WHAT NEEDS TO BE DONE =
Reproduce the listing below character for character; drop every image.

INPUT DATA =

####################

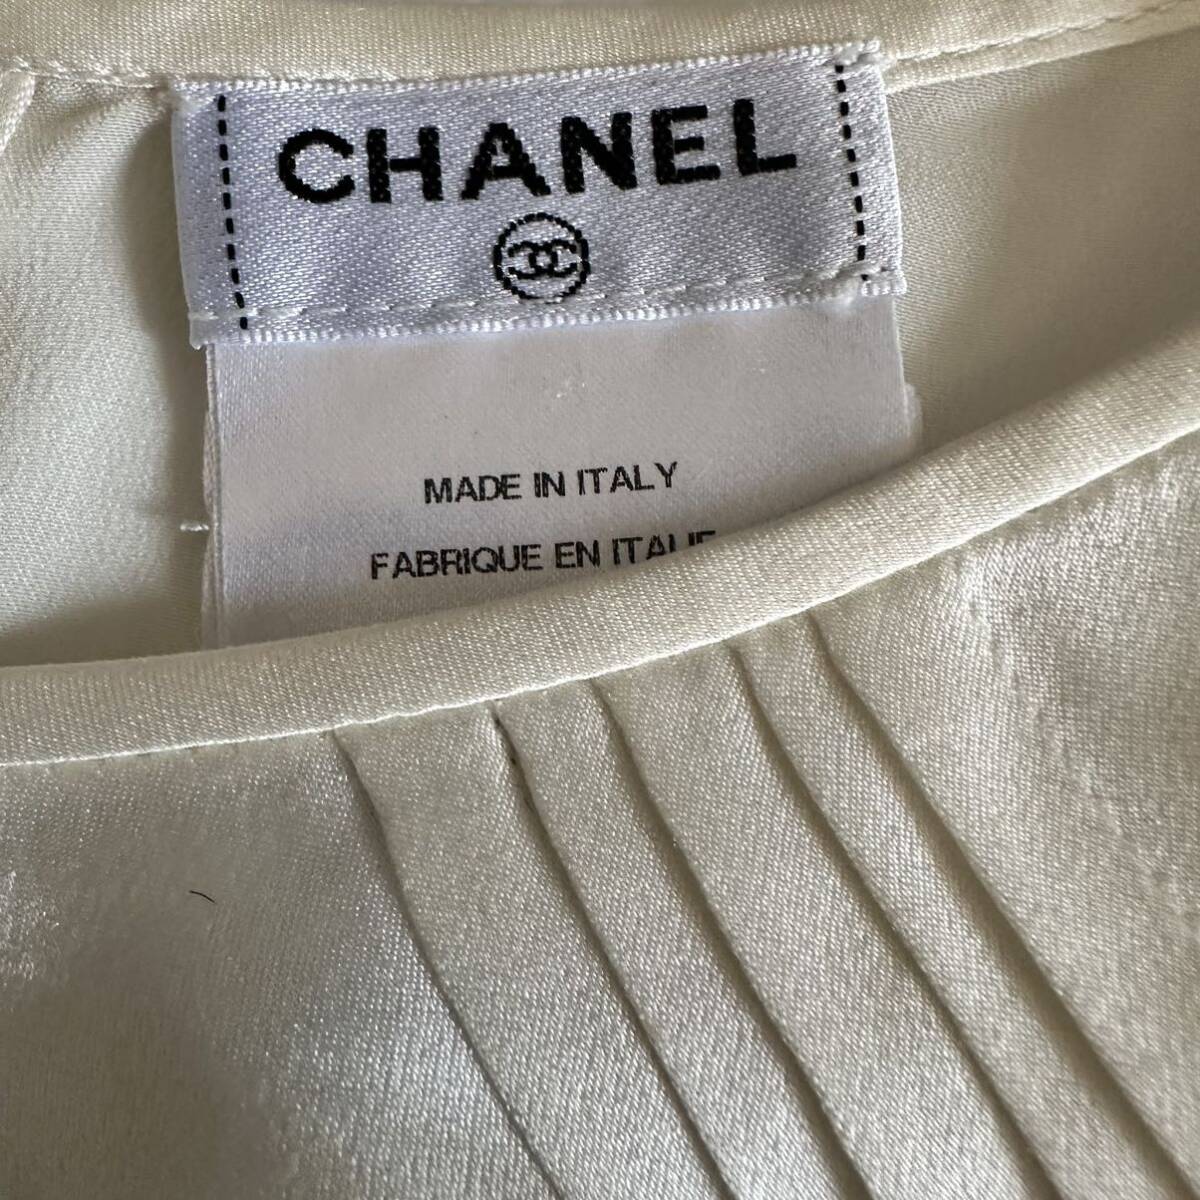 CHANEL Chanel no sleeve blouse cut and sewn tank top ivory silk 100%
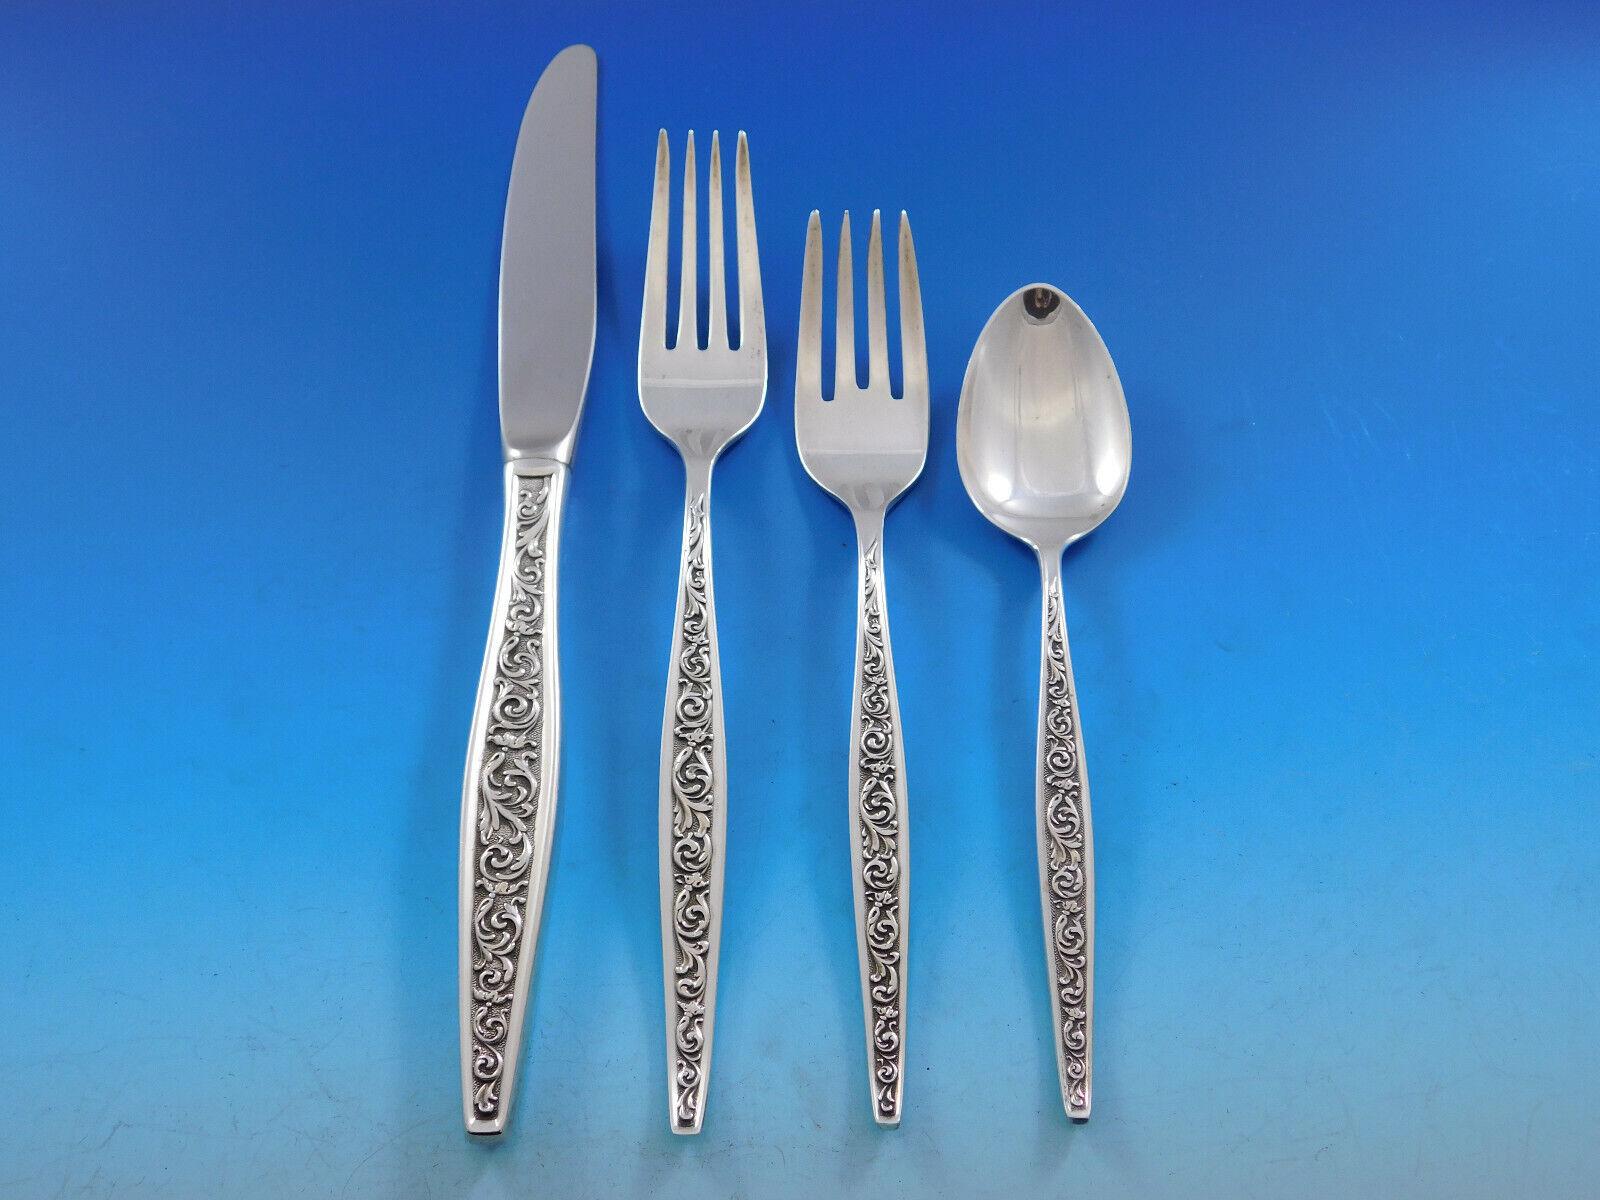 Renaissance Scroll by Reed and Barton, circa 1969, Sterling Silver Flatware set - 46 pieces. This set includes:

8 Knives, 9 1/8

####################

RESULT =
 CHANEL Chanel no sleeve blouse cut and sewn tank top ivory silk 100%
 Renaissance Scroll by Reed and Barton, circa 1969, Sterling Silver Flatware set - 46 pieces. This set includes:

8 Knives, 9 1/8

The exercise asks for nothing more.